I just made this recipe this past Sunday, it was super easy and very delicious! I followed the recipe but didn’t really measure anything. I just kind of dumped it all in there and headed to church. The only change i made was that I did make some Mexican rice and served the soup over the rice. But it would be great either way!

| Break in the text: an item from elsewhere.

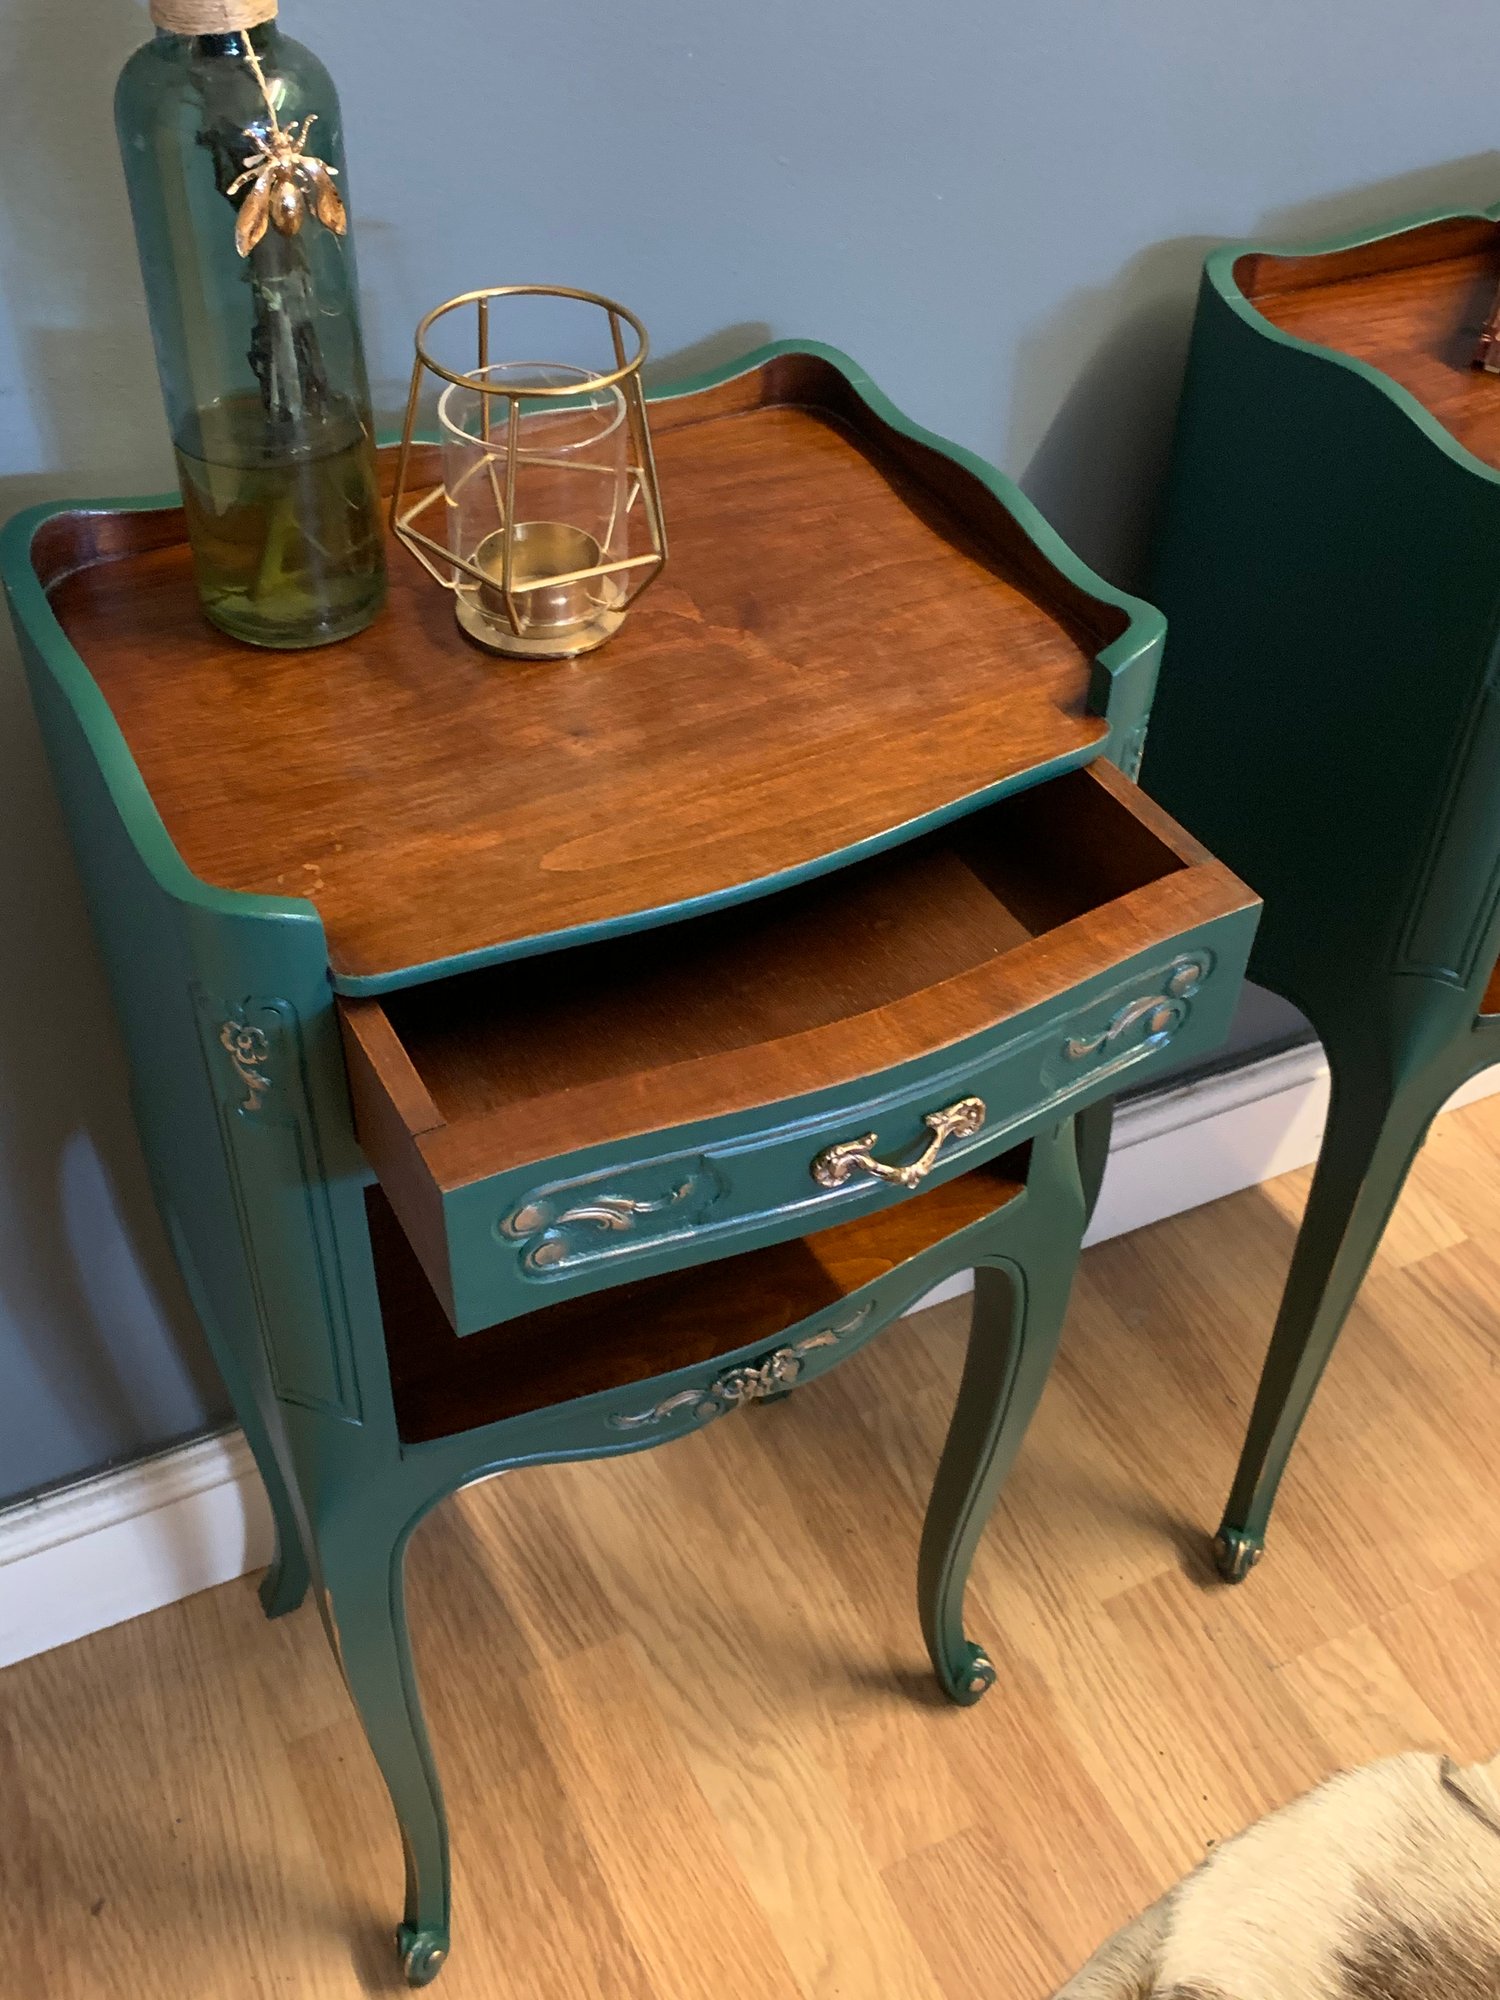 Image of A pair Of French dark green side tables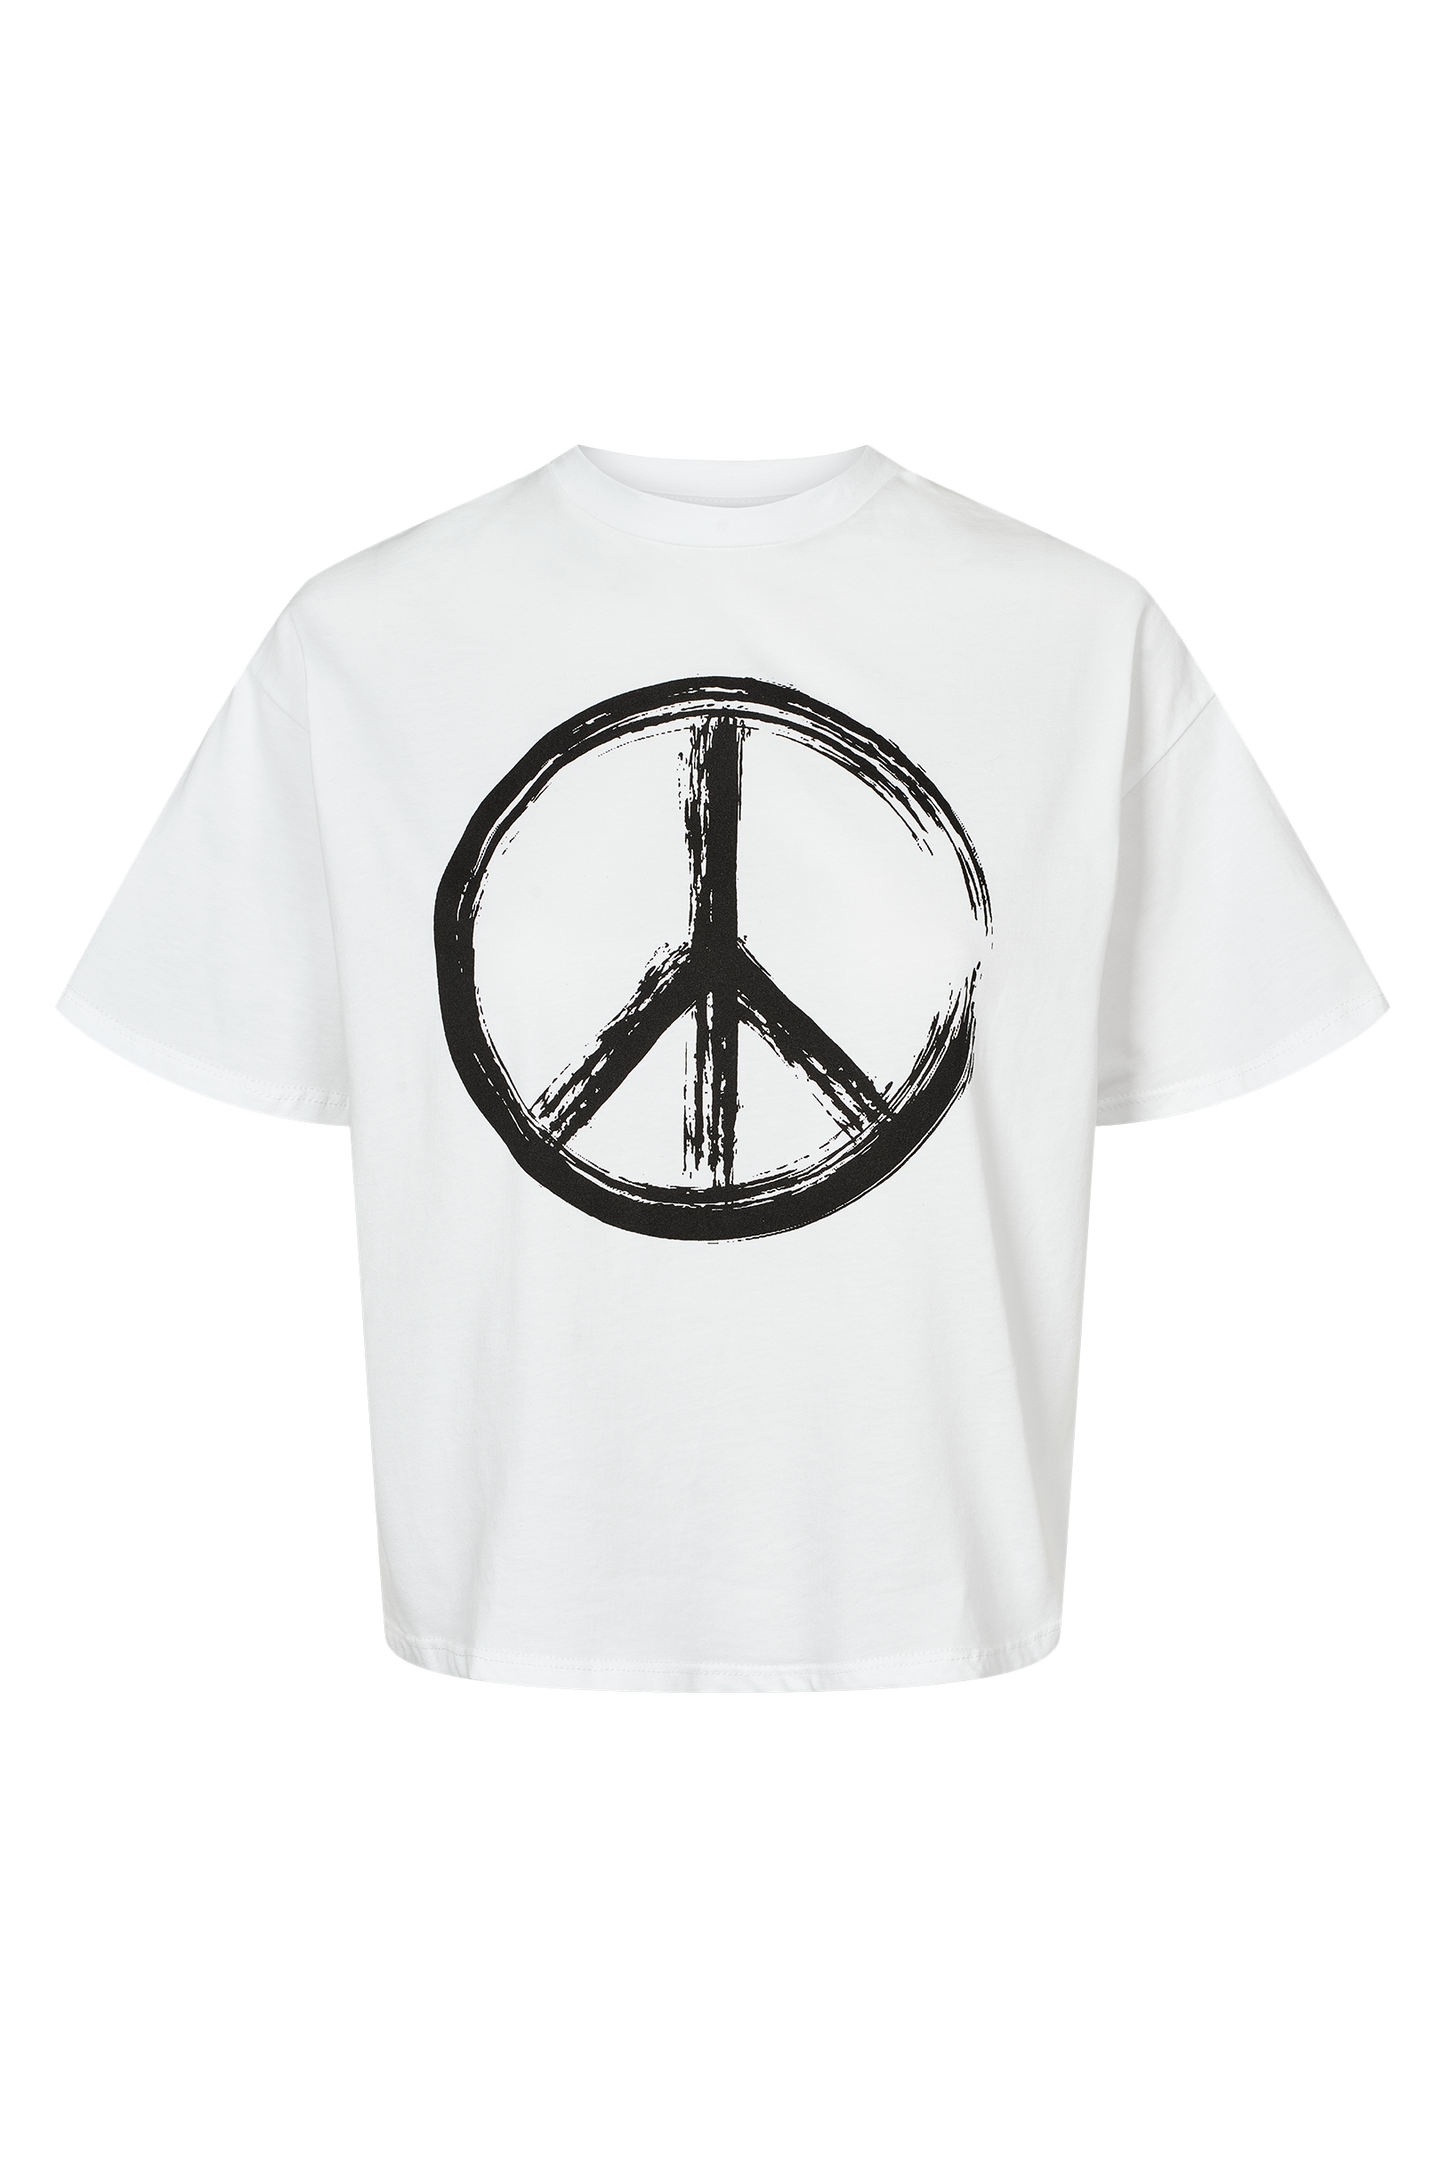 T-Shirt Cropped White Peace Cotton Tee W/ Black Letters

1 pound shredded, cooked chicken
1 (15 ounce) can whole peeled tomatoes, mashed
1 (10 ounce) can enchilada sauce
1 (4 ounce) can chopped green chile peppers
1 cloves garlic, minced
1 (14.5 ounce) can chicken broth
1 teaspoon cumin
1 teaspoon chili powder
1 teaspoon salt
1/4 teaspoon black pepper
1 bay leaf
1 (10 ounce) package frozen corn or can of mexi-corn
1 tablespoon chopped cilantro
shredded cheddar cheese
Place chicken, tomatoes, enchilada sauce, onion, green chiles, and garlic into a slow cooker. Pour in water and chicken broth, and season with cumin, chili powder, salt, pepper, and bay leaf. Stir in corn and cilantro. Cover, and cook on Low setting for 6 to 8 hours or on High setting for 3 to 4 hours. To serve, sprinkle tortilla strips and shredded cheese over soup.